- _Requirement_:
Would you return the data exactly as given, except for its pictures?

- _Dataset section_:
☆ ☆ ☆ ☆ ☆ ☆ ☆
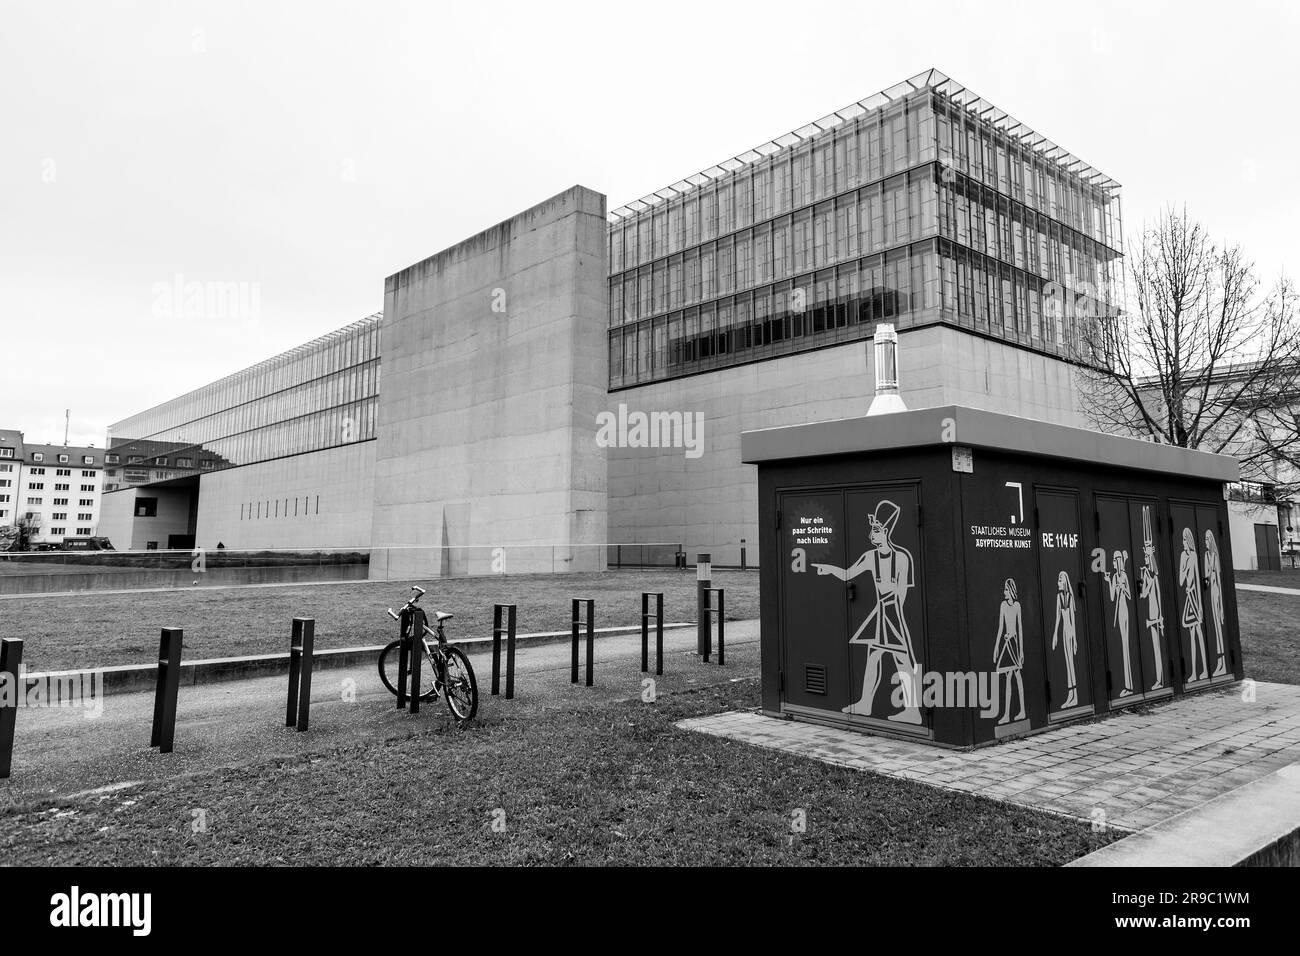 München, Deutschland - 23. DEZ. 2021: Fassade der neuen Pinakothek, des Münchner Museums für moderne Kunst, Bayern. Stockfoto
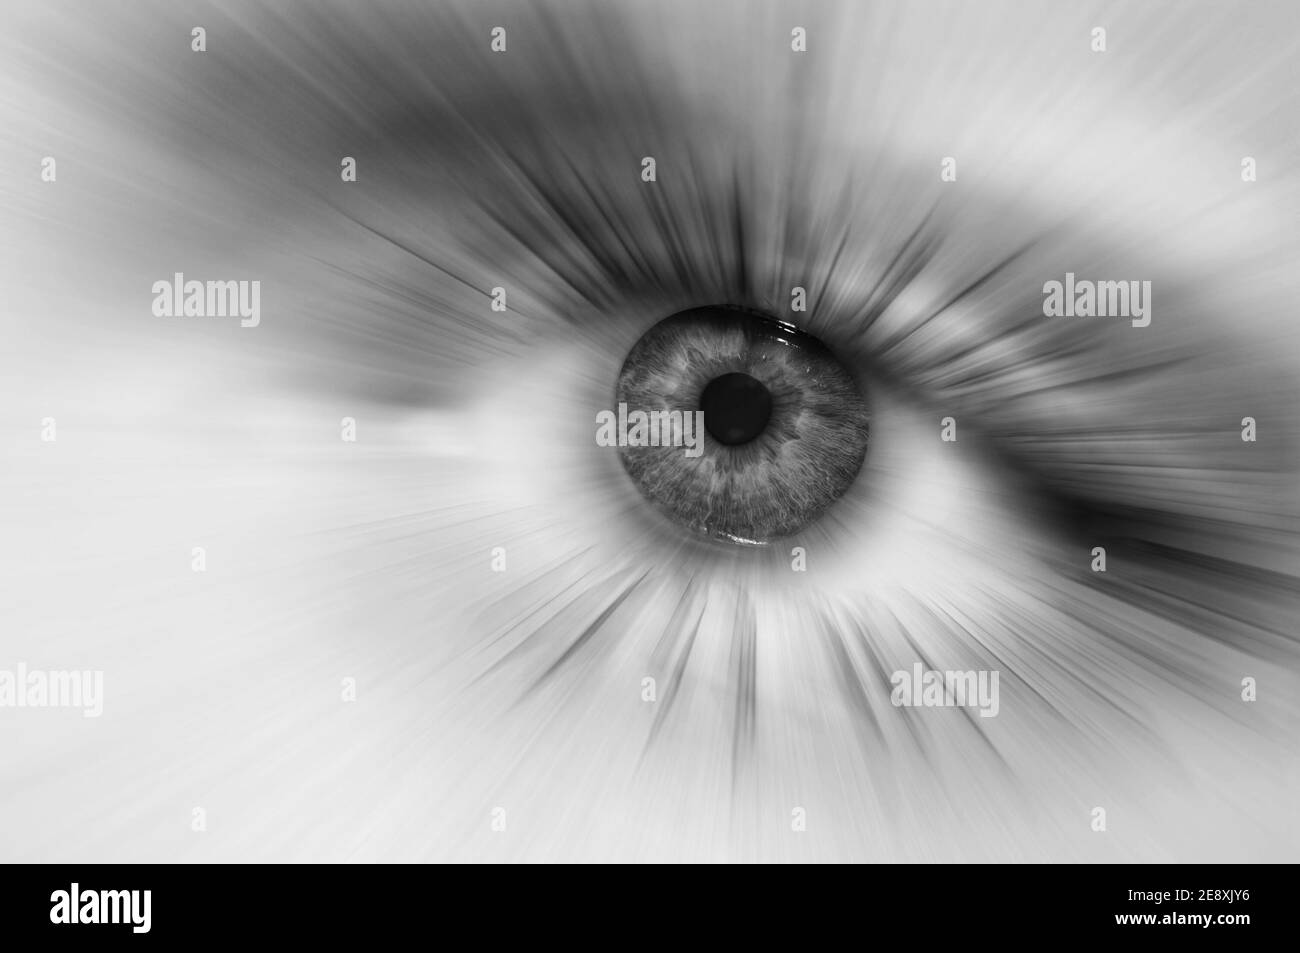 Macro occhio bianco e nero. Raggi astratti divergenti dall'allievo dell'occhio umano. Concetto di sogni o astrazione, purezza o trattamento della visione. Foto Stock
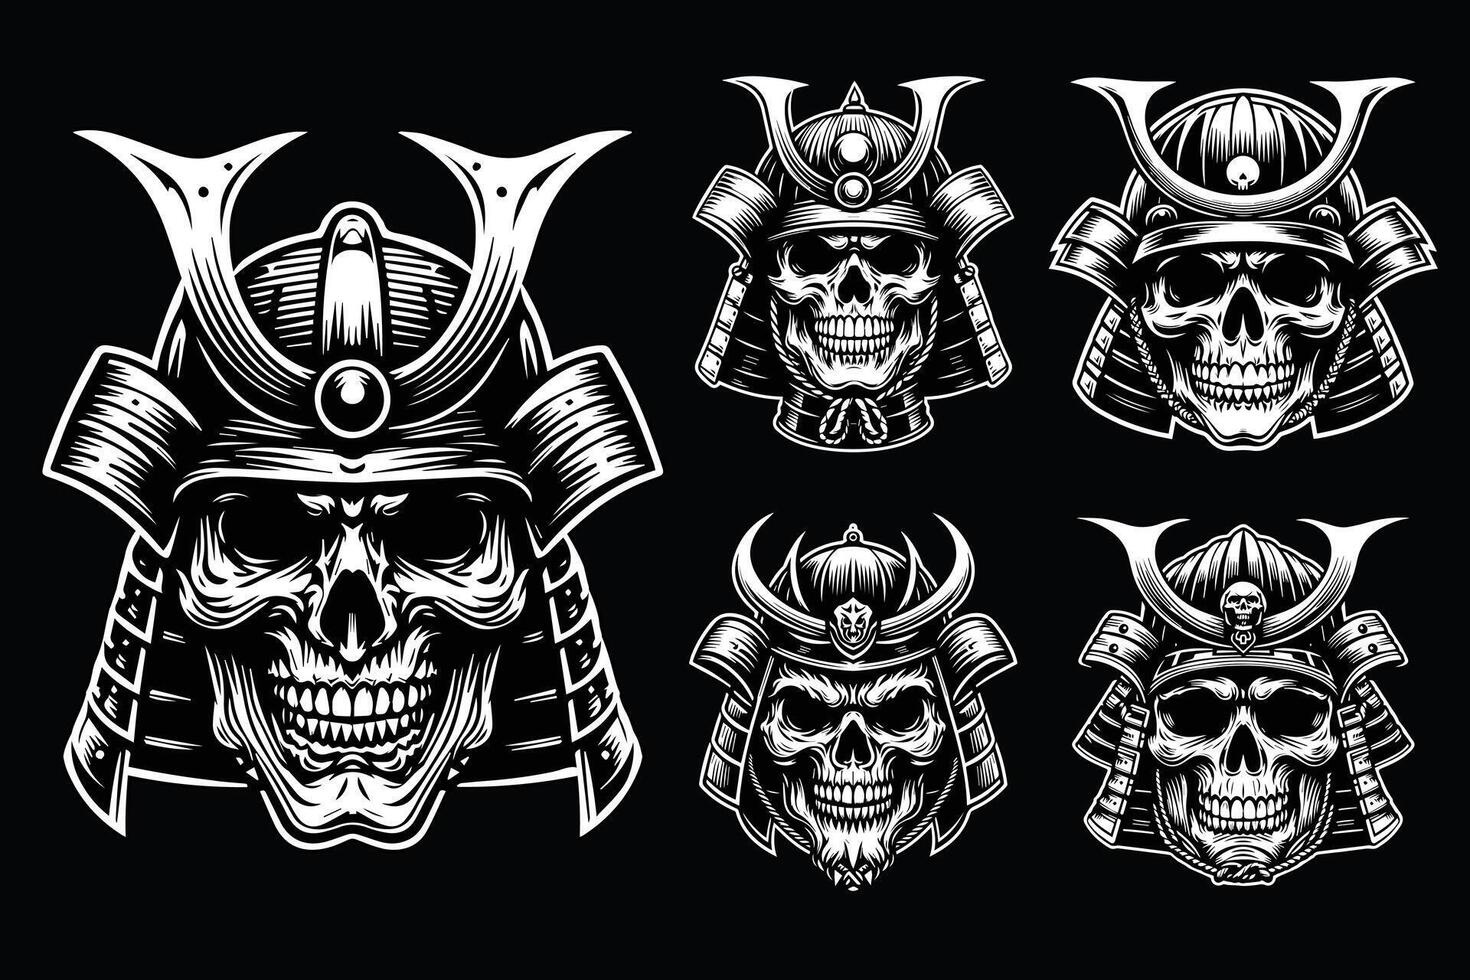 Dark Art Skull Samurai Japanese Head Black and White Illustration vector
☆ ☆ ☆ ☆ ☆ ☆ ☆
- _Exercise solution_:
 München, Deutschland - 23. DEZ. 2021: Fassade der neuen Pinakothek, des Münchner Museums für moderne Kunst, Bayern. Stockfoto
 Macro occhio bianco e nero. Raggi astratti divergenti dall'allievo dell'occhio umano. Concetto di sogni o astrazione, purezza o trattamento della visione. Foto Stock
 Dark Art Skull Samurai Japanese Head Black and White Illustration vector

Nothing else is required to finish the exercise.